Suppose $(f _ n)^\infty _ {n = 1}$ is a sequence of elements of $C _ B(X)$ convering in the $\infty$-norm to some $f \in B(X)$. Fix some $a \in X$ for which we want to show continuity at and let $\varepsilon > 0$. Since $f _ n \to f$ in the $\infty$-norm, there $\exists n$ s.t.

\[||f_n - f||_\infty \le \varepsilon / 3\]

Since $f _ n$ is continuous, there exists $\delta > 0$ s.t.

\[|f_n(x) - f_n(a)| < \varepsilon/3\]

for all $x \in B(a, \delta)$, so we have

\[\begin{aligned} |f(x) - f(a)| &\le |f(x) - f_n(x)| + |f_n(x) - f_n(a)| + |f_n(a) - f(a)| \\\\ &< \varepsilon/3 + \varepsilon/3 + \varepsilon/3 \\\\ &= \varepsilon \end{aligned}\]
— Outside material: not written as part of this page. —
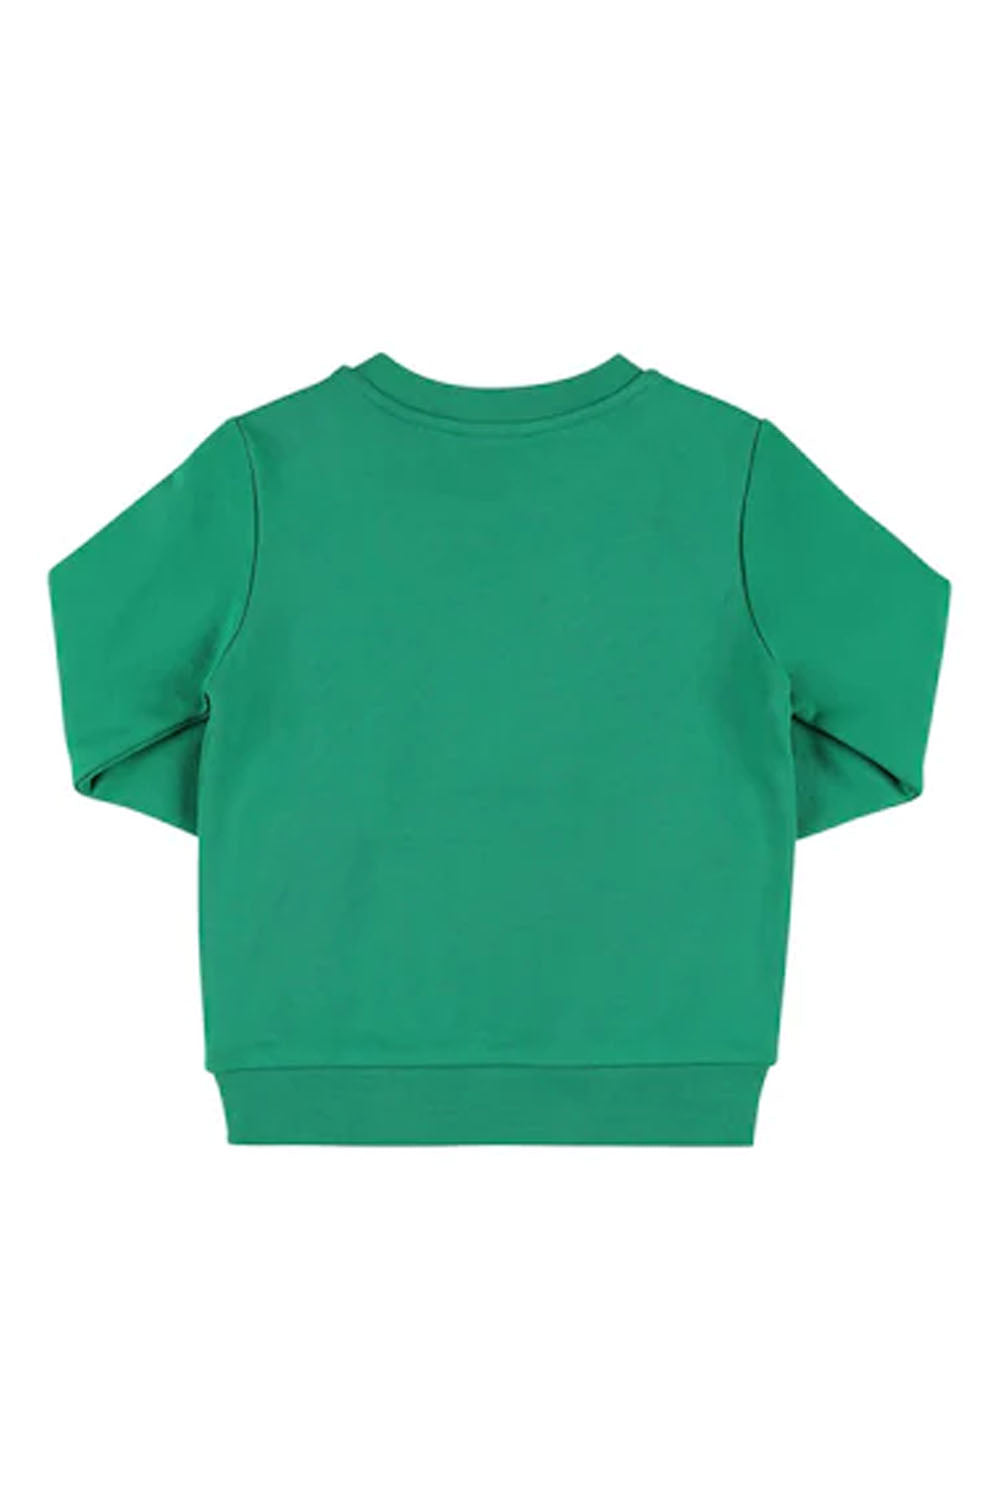 Elephant print Sweatshirt for Boys - Maison7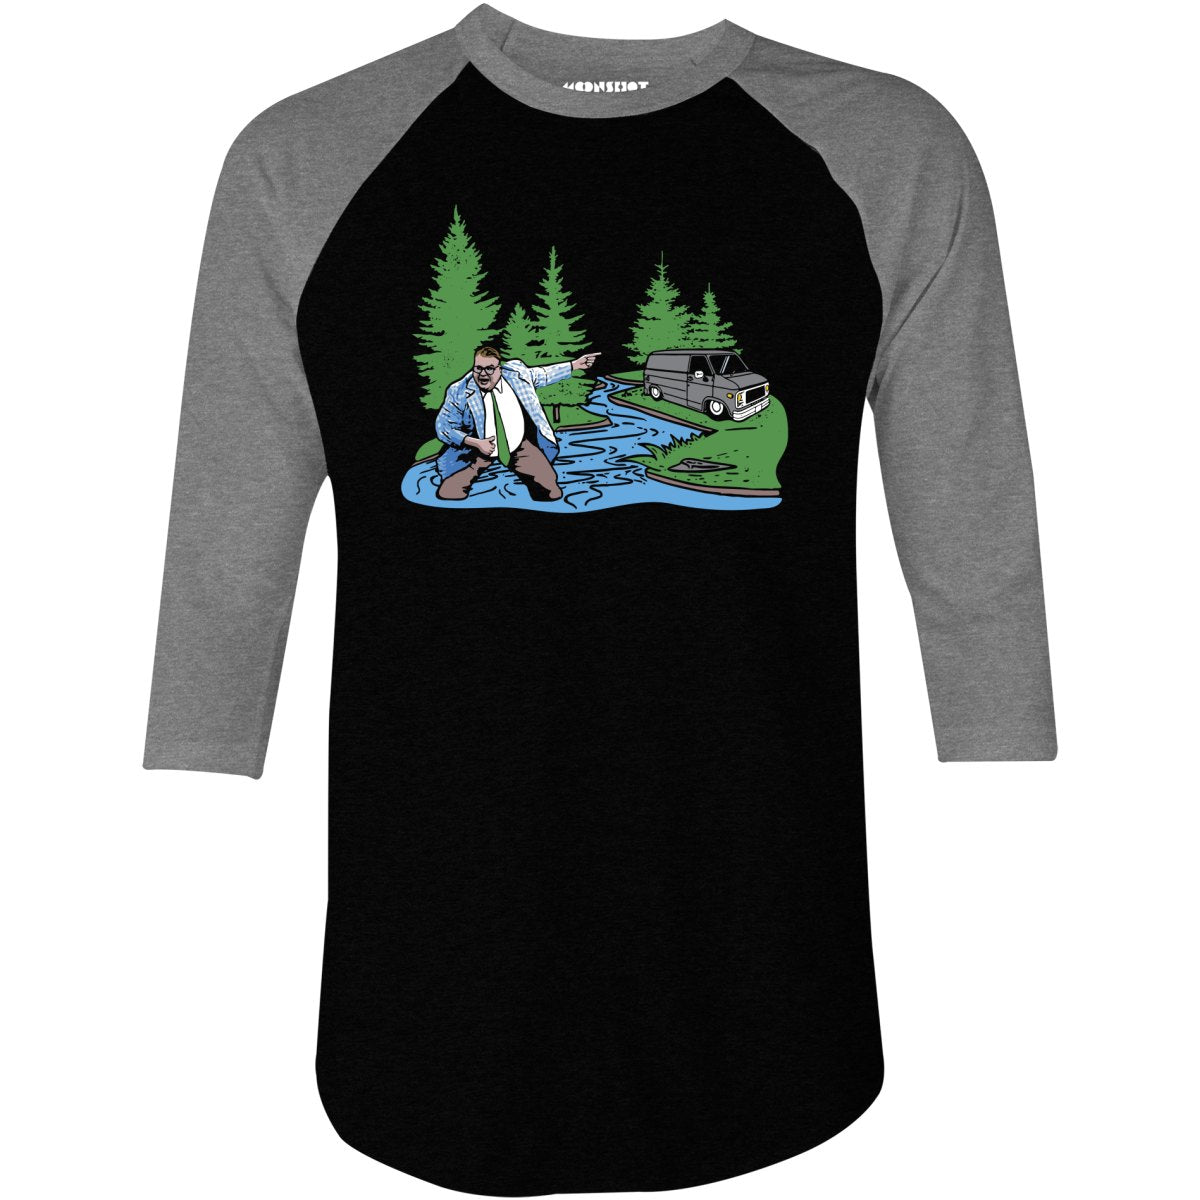 Livin' in a Van Down by The River - 3/4 Sleeve Raglan T-Shirt

so the limit is also continuous, hence $C _ B(X)$ is a closed subset of $C(X)$, so it is complete.

Proofs

Quickly prove that if a subspace of a complete metric space is complete if and only if is closed.


Proof sketch:

  • If a subset $Y$ is closed in $X$, a Cauchy sequence in $Y$ is also a Cauchy sequence in $X$. Since $Y$ is closed, the limit must be in $Y$.
  • If a subset $Y$ is complete, then any convergent subsequence is also convergent to an element of $Y$, so it is closed.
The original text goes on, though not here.